ScSAM: Debiasing Morphology and Distributional Variability in Subcellular Semantic Segmentation

TL;DR

ScSAM is a novel approach that combines pre-trained SAM with MAE-guided priors to improve subcellular segmentation by addressing morphological variability and data imbalance.

Contribution

It introduces a feature fusion module and a class prompt encoder to enhance feature robustness and specificity in subcellular segmentation tasks.

Findings

Outperforms existing methods on various datasets.

Effectively handles morphological and distributional variability.

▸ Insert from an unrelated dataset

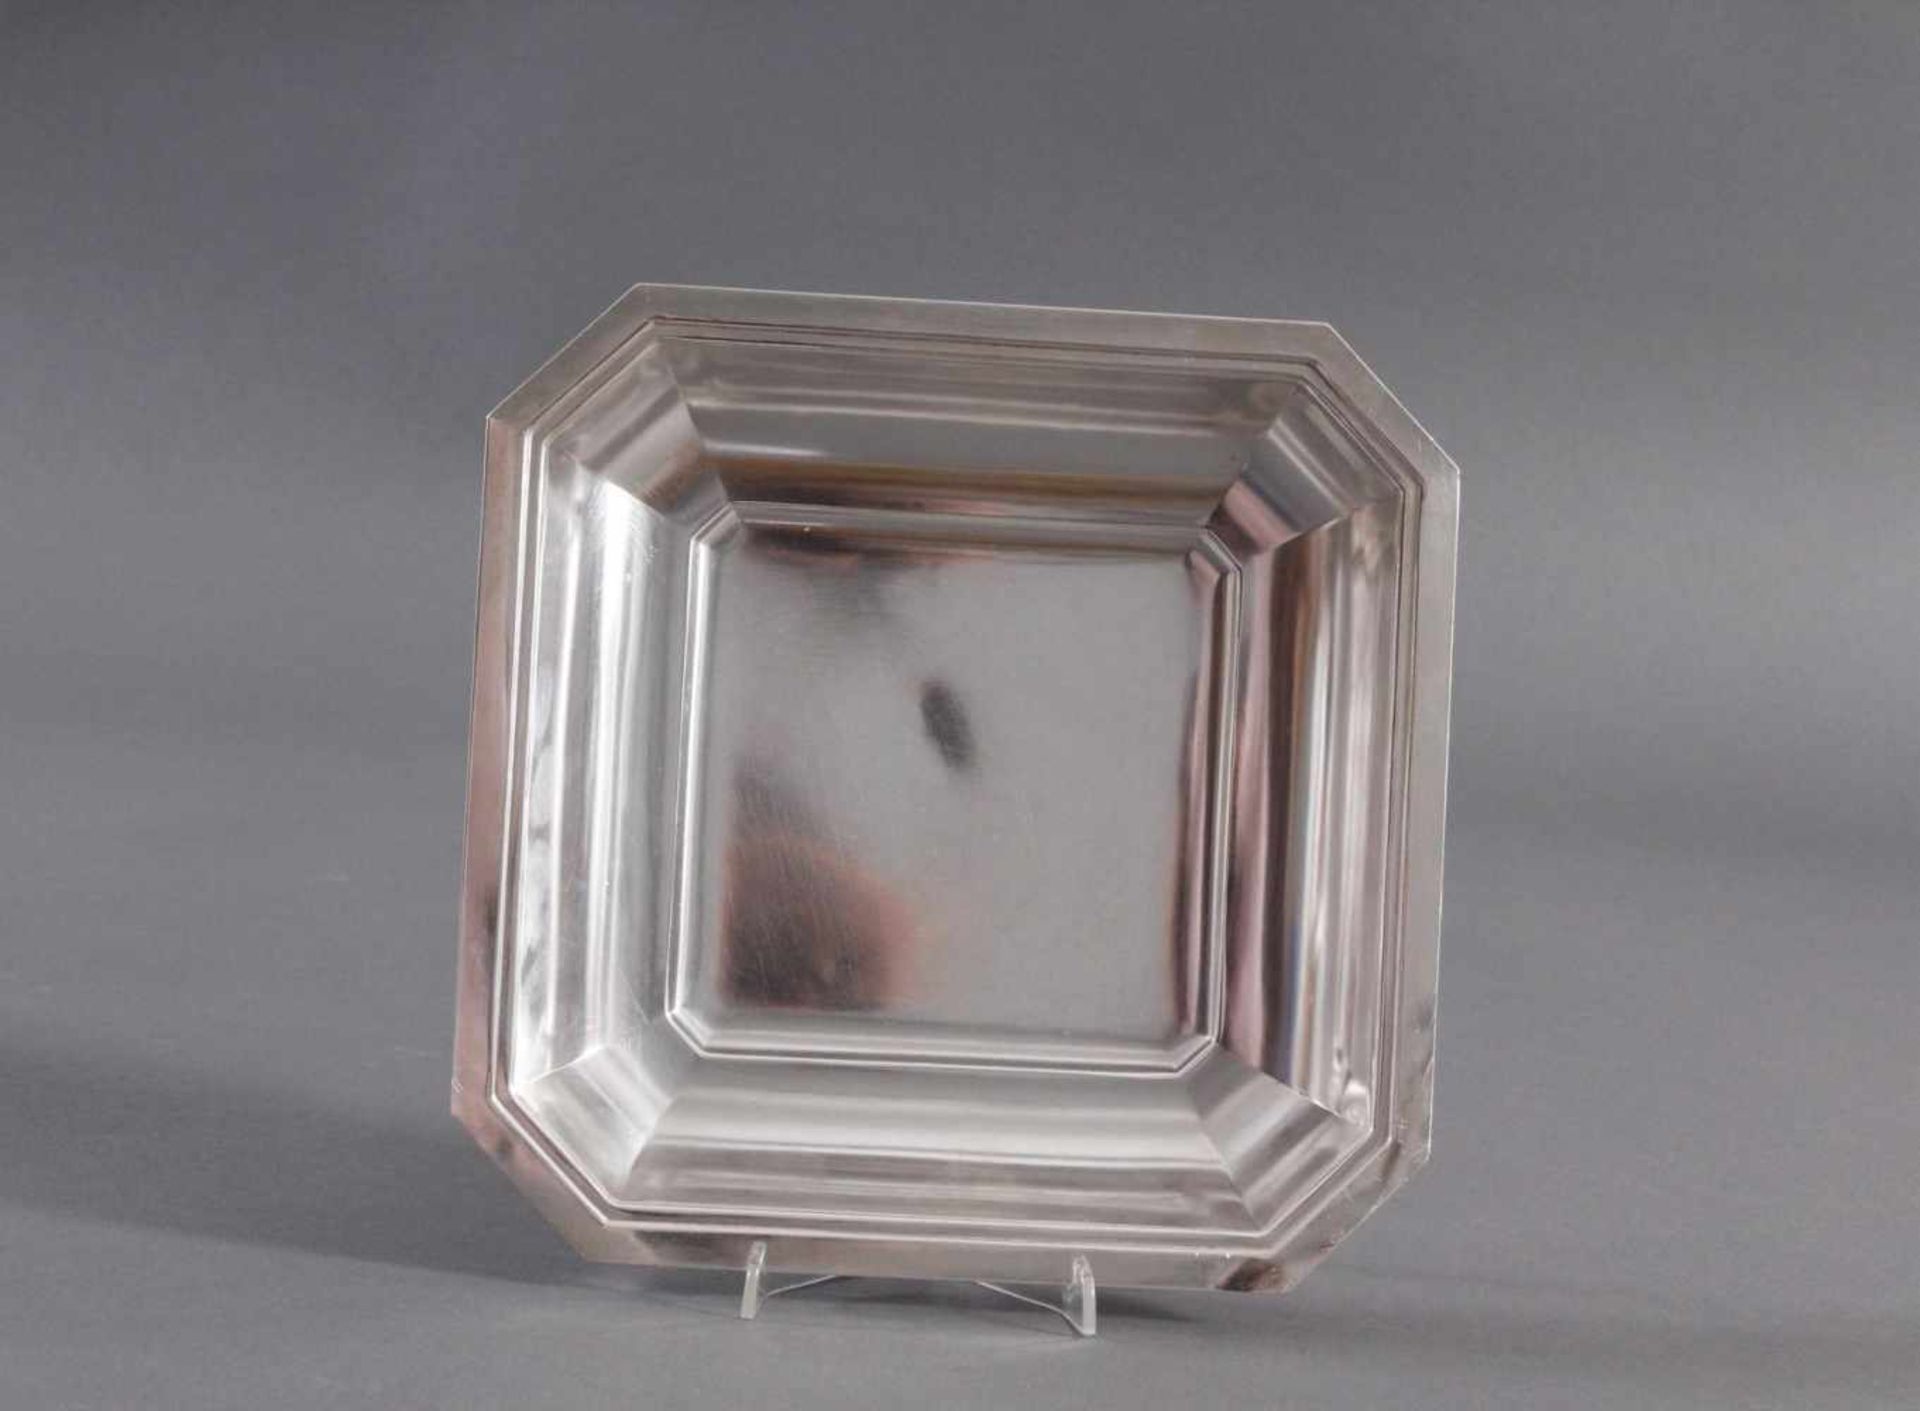 Versilberte SchaleSchale, quadratische Form, geringer Gebrauchsspuren, ca. 23,5 x 23,5 cm, ca. 400 - Image 2 of 3

Reduces bias caused by data imbalance.

Abstract

The significant morphological and distributional variability among subcellular components poses a long-standing challenge for learning-based organelle segmentation models, significantly increasing the risk of biased feature learning. Existing methods often rely on single mapping relationships, overlooking feature diversity and thereby inducing biased training. Although the Segment Anything Model (SAM) provides rich feature representations, its application to subcellular scenarios is hindered by two key challenges: (1) The variability in subcellular morphology and distribution creates gaps in the label space, leading the model to learn spurious or biased features. (2) SAM focuses on global contextual understanding and often ignores fine-grained spatial details, making it challenging to capture subtle structural alterations and cope with skewed data distributions. To address these challenges, we introduce ScSAM, a method that enhances feature robustness by fusing pre-trained SAM with Masked Autoencoder (MAE)-guided cellular prior knowledge to alleviate training bias from data imbalance. Specifically, we design a feature alignment and fusion module to align pre-trained embeddings to the same feature space and efficiently combine different representations. Moreover, we present a cosine similarity matrix-based class prompt encoder to activate class-specific features to recognize subcellular categories. Extensive experiments on diverse subcellular image datasets demonstrate that ScSAM outperforms state-of-the-art methods.